Gibson Assembly and Yeast Assembly
Following the production of our GFP gene by templateless and finish PCR and verification that most of this DNA is the correct size by gel electrophoresis, we combine the gene with a promoter (RNR3) and a plasmid vector. Traditionally, we would clone the PCR product into the vector by using restriction enzymes to cut each piece of DNA and then we would join them together with the enzyme DNA ligase. Instead of the traditional method, we will use a newer method called Gibson assembly. Gibson Assembly was developed by Dr. Daniel Gibson and his colleagues at the J. Craig Venter Institute. It allows for successful assembly of multiple DNA fragments, regardless of fragment length or end compatibility (the presence of compatible sites for restriction enzyme cutting). It has been rapidly adopted by the synthetic biology community due to its ease-of-use, flexibility and suitability for large DNA constructs.
The Gibson Assembly Master Mix contains enzymes and therefore should be kept ON ICE AT ALL TIMES!
1. Label a 1.7 ml microcentrifuge tube with your initials.
2. In that tube (on ice), combine:
Promoter 3 ul Vector 3 ul GFP gene 3 ul Gibson Assembly Master Mix 10 ul
2. Place tube in a water bath and incubate at 50C for 15 minutes.

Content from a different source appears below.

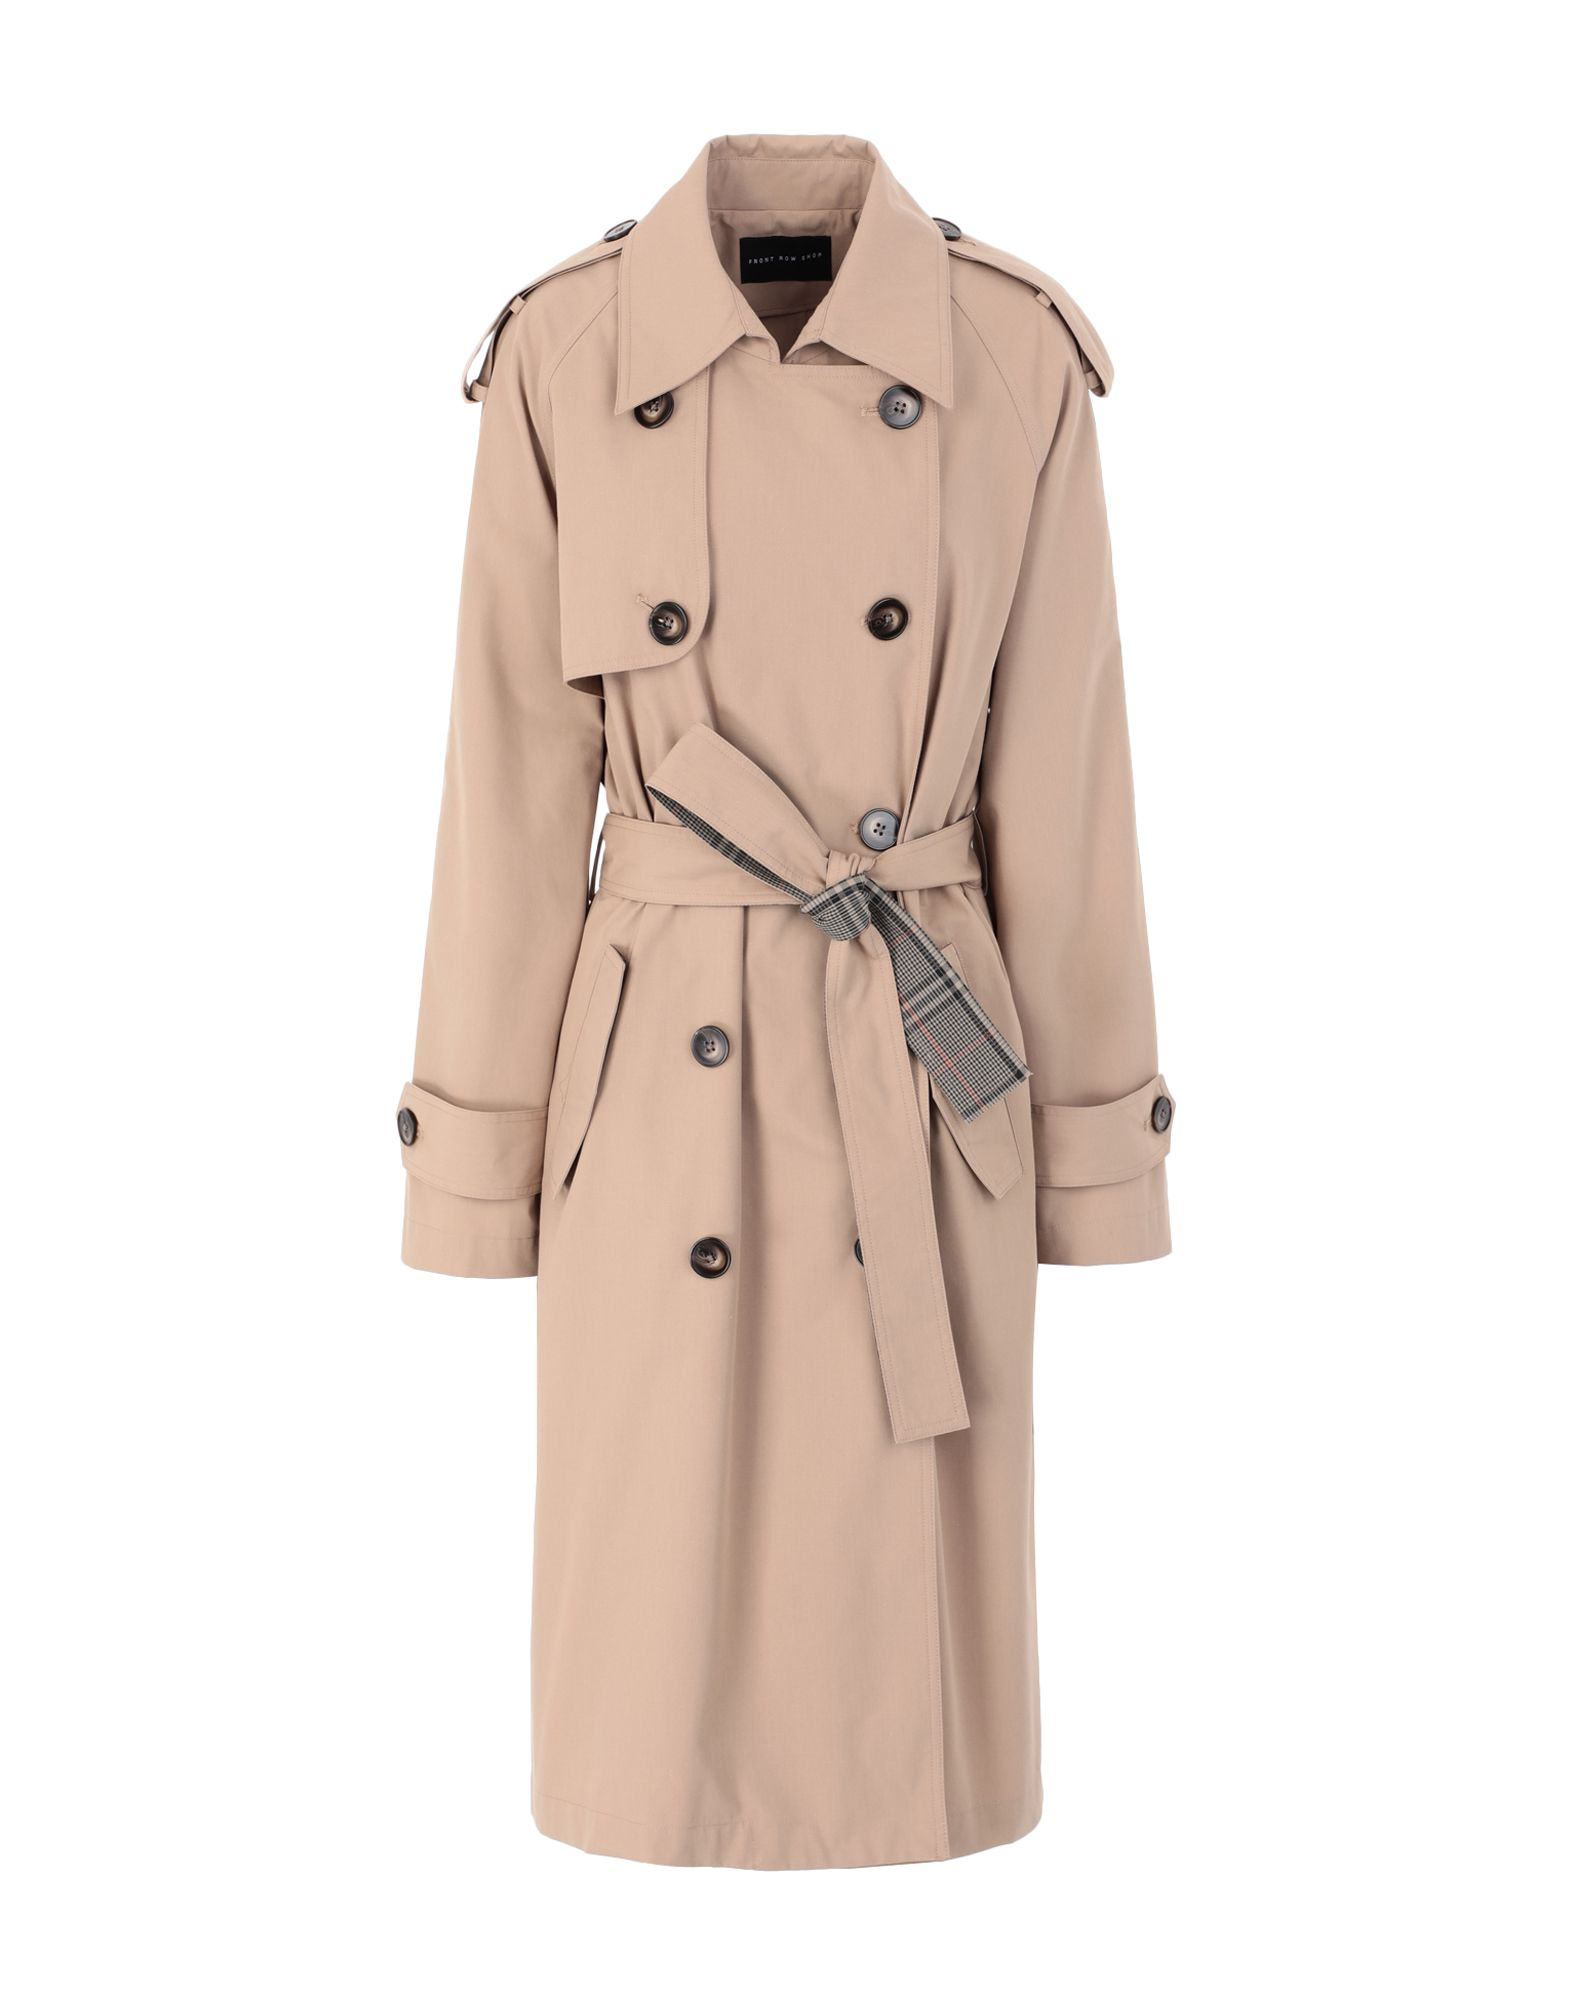 Фото - FRONT ROW SHOP Легкое пальто the row легкое пальто
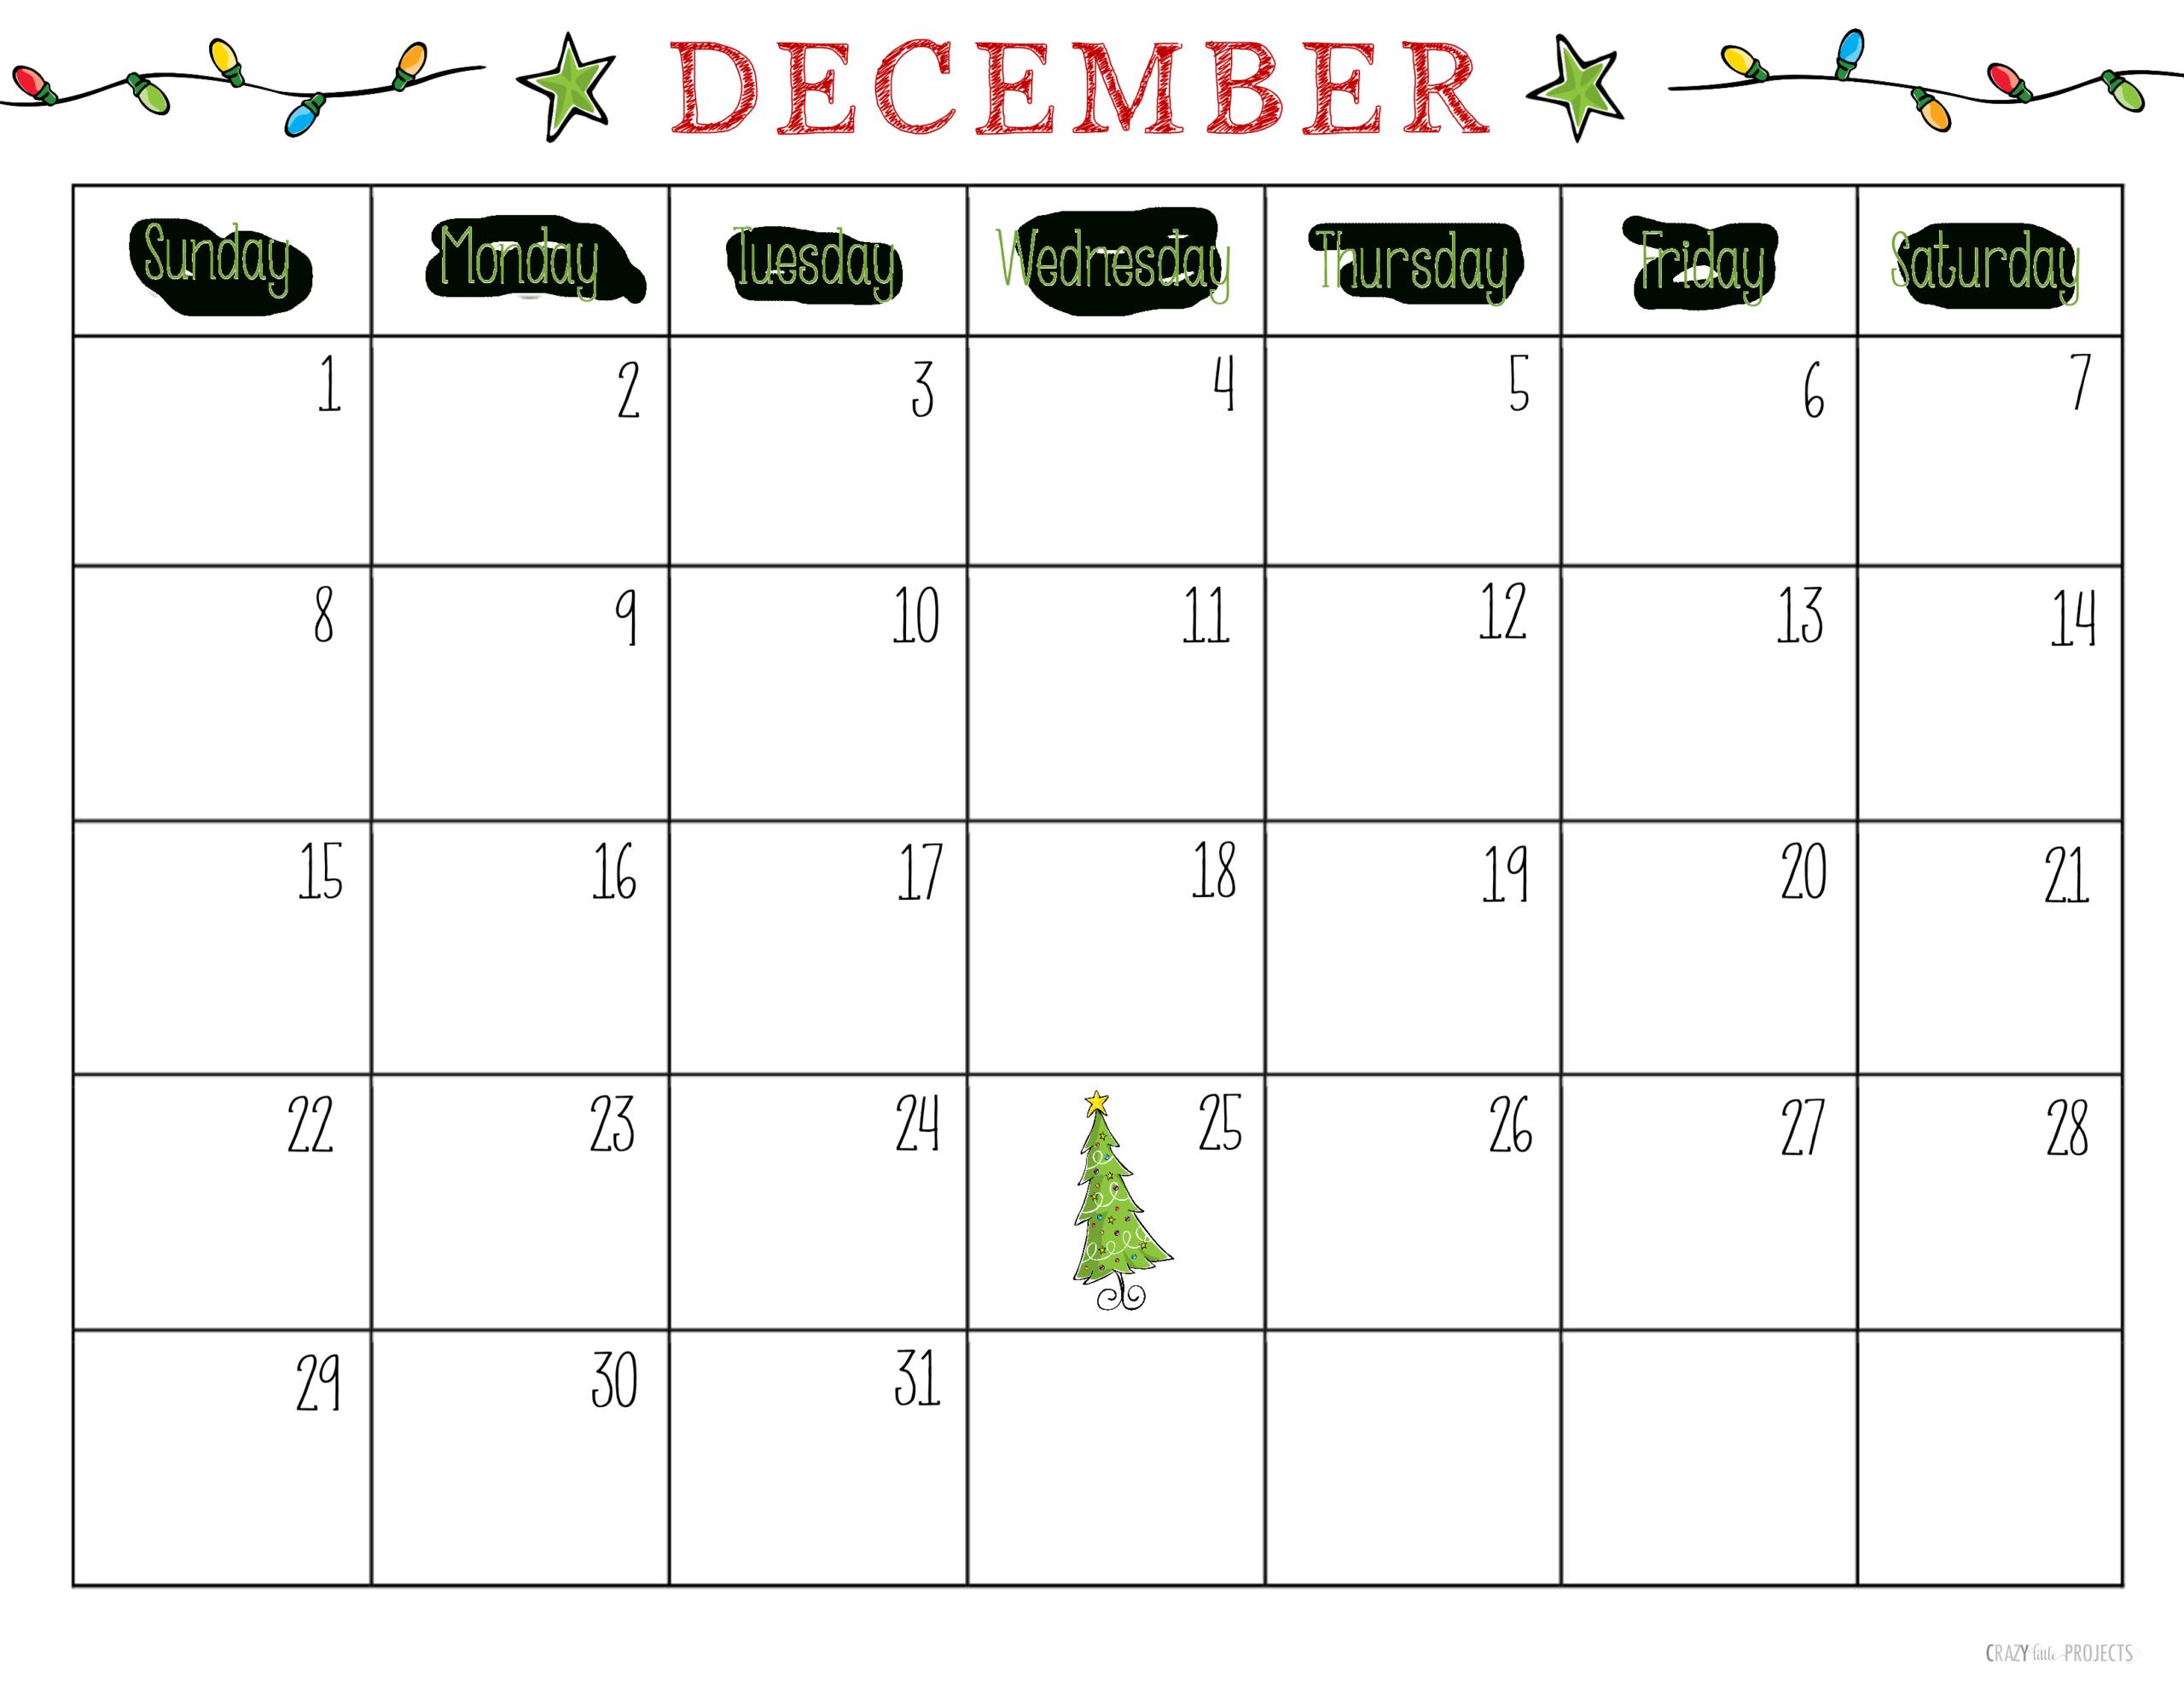 Free Printable Christmas Planner | Printable December

3. Remove tube from water bath and store at -20C until bacterial transformation in 2 weeks.
Although we have just used enzymes to assemble our GFP gene with a promoter and a plasmid vector (Gibson Assembly), the process of recombination, and therefore chunk assembly, is much more efficient in yeast cells. Therefore, we will also assemble our DNAs in yeast to compare the efficiency of transformation. Note that we will need to use a different plasmid vector for yeast assembly. Plasmid vectors typically contain the ampicillin resistance gene so that bacterial cells containing the vector will be able to grow in ampicillin. The plasmid we will use today will also contain a selectable marker so that yeast cells containing the vector will be able to grow on media lacking the amino acid histidine.
1. Prepare a yeast transformation master mix and keep the mix on ice. You have a tube containing 960 ul of 50% polyethylene glycol (PEG). To this tube add 144 ul of 1.0M lithium acetate (LiAc), 40 ul of single-stranded herring sperm DNA, and 55 ul water. Mix very well by vortexing for 10 seconds.
2. Obtain three tubes of yeast competent cells (one for assembly of the GFP gene/promoter/vector, one for the positive control, and one for the negative control). Label these tubes “GFP”, “PC”, and “NC”.
3. Centrifuge the yeast cells at 13,000g for 1 minute at room temperature.
4. Remove the supernatant (the liquid) with a pipet set to 1000 ul. Discard the liquid.
5. Aliquot 286 uL of yeast transformation mix from step 1 into each of the three microcentrifuge tubes containing the yeast cell pellets. Pipet up and down to mix the yeast cells.
6. To your “GFP” tube, add 3 ul of the GFP gene, 3 ul of the promoter, and 3 ul of the vector.
7. To the “PC” tube, add 9 uL from the provided PC DNA tube (this is 1 ug of the circular plasmid).
8. To the “NC” tube, add 9 uL of sterile water.
9. Vortex the tubes for 10 seconds to thoroughly mix the DNA with the transformation mix and yeast cells.
10. Incubate in a 42°C water bath for 20 minutes. During this time, obtain 3 SC-His plates. Label one “PC”, one “NC”, and one “GFP”.
11. After the heat shock, centrifuge the three tubes at top speed for 30 seconds.
12. Remove the supernatant with a P1000 pipette set to 1000 ul and discard the liquid.
13. Add 250 μL of sterile water to each tube. Gently pipette to resuspend the pellet.
14. From each tube, transfer 250 ul of the transformation product onto your appropriately labeled SC-His plates and spread to distribute evenly.
15. Once the plates are no longer wet, incubate the plates at 30°C for 2 days (remember to turn the plates upside down).